Domain of Discourse: People on vacation and their belongings
Vacationer(x): x is a person on vacation
Belonging(x): x is the belonging of some person
Packed(x, y): x is a vacationer that packed belonging y
Identical(x, y): true if and only if x and y are identical belongings
We can also assume "=" operator that is true when x and y are the same people or same object.
(a) Everything that was packed by someone is a belonging.
(b) Kim packed two identical things but nothing Kanye packed is identical to either of those. (Use the constants “Kim” and “Kanye” to refer to those two vacationers.)
(c) No two vacationers packed anything identical.
(d) Some vacationer packed only two things.
I am having trouble going about how to solve these four propositions. The goal is translate them into predicate logic, but I can't seem to see how to relate those predicates to solve the propositions. Like when it says "packed by someone, is a belonging" but the packed predicate defined also checks if that someone is a vacationer.

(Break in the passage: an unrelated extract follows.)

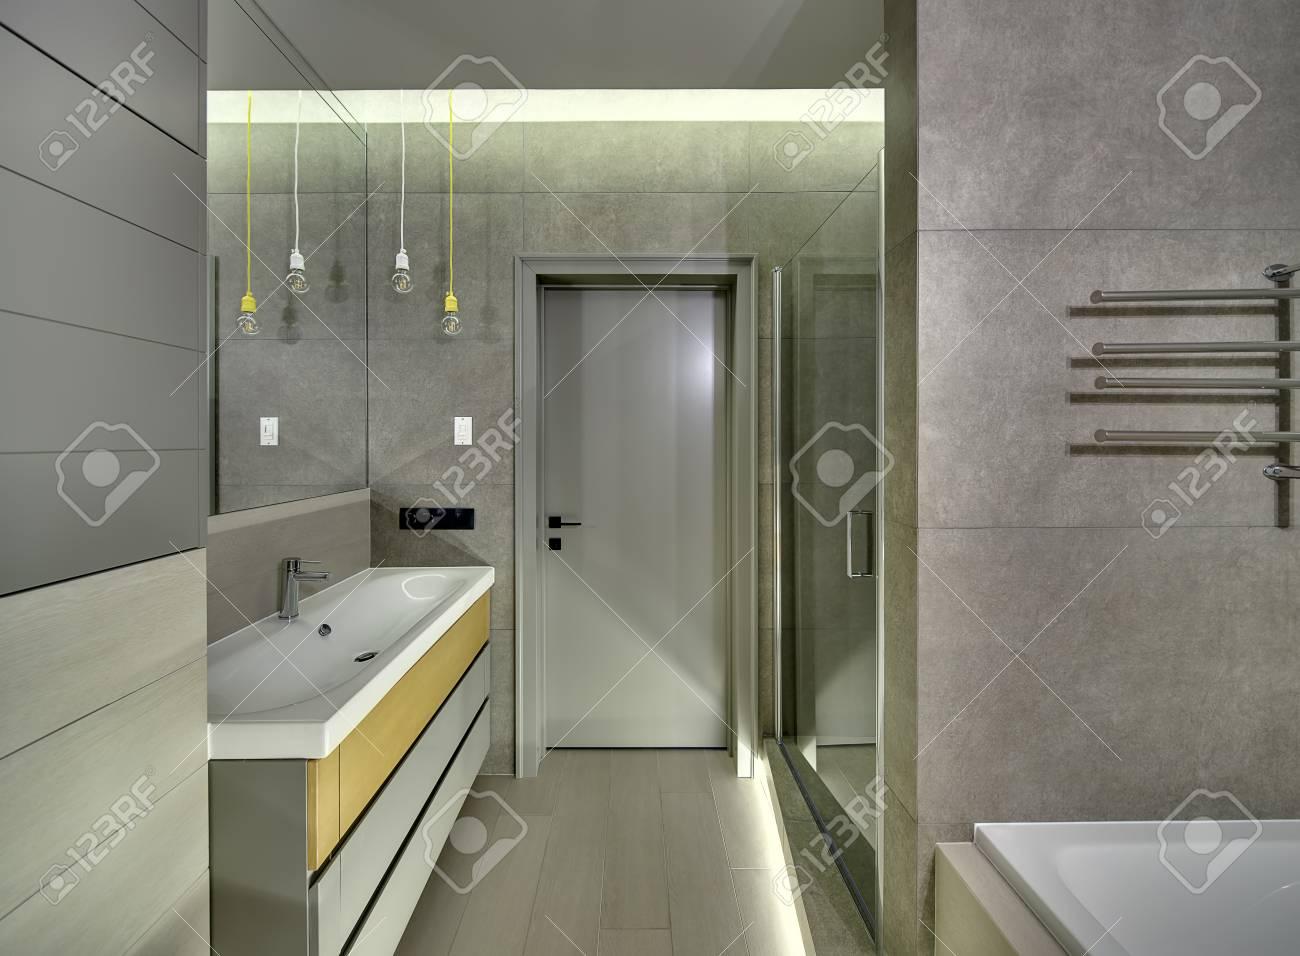 Bagno elegante in stile moderno con piastrelle sulle pareti e sul

Since the domain is both vacationers and belongings, it makes sense to assume that the 'someone' who did the packing has to be one of the vacationers. So, I would paraphrase this as:
(a)' Everything that was packed by a vacationer is a belonging.
Which can be read as:
(a)'' For everything" if it was packed by a vacationer, then is a belonging.
And thus formalized as:
$\forall x (\exists y ((Vacationer(y) \land Packed(x,y)) \to Belonging(x))$
d) to say that some vacationer packed only (and I take that as exactly) two things, is to say that there are two (different) things that the vacationer packed, but no third. So:
$\exists x (Vacationer(x) \land \exists y \exists z (y \neq z \land Packed(x,y) \land Packed(x,z) \land \neg \exists w (w \neq y \land w \neq z \land Packed(x,w)))$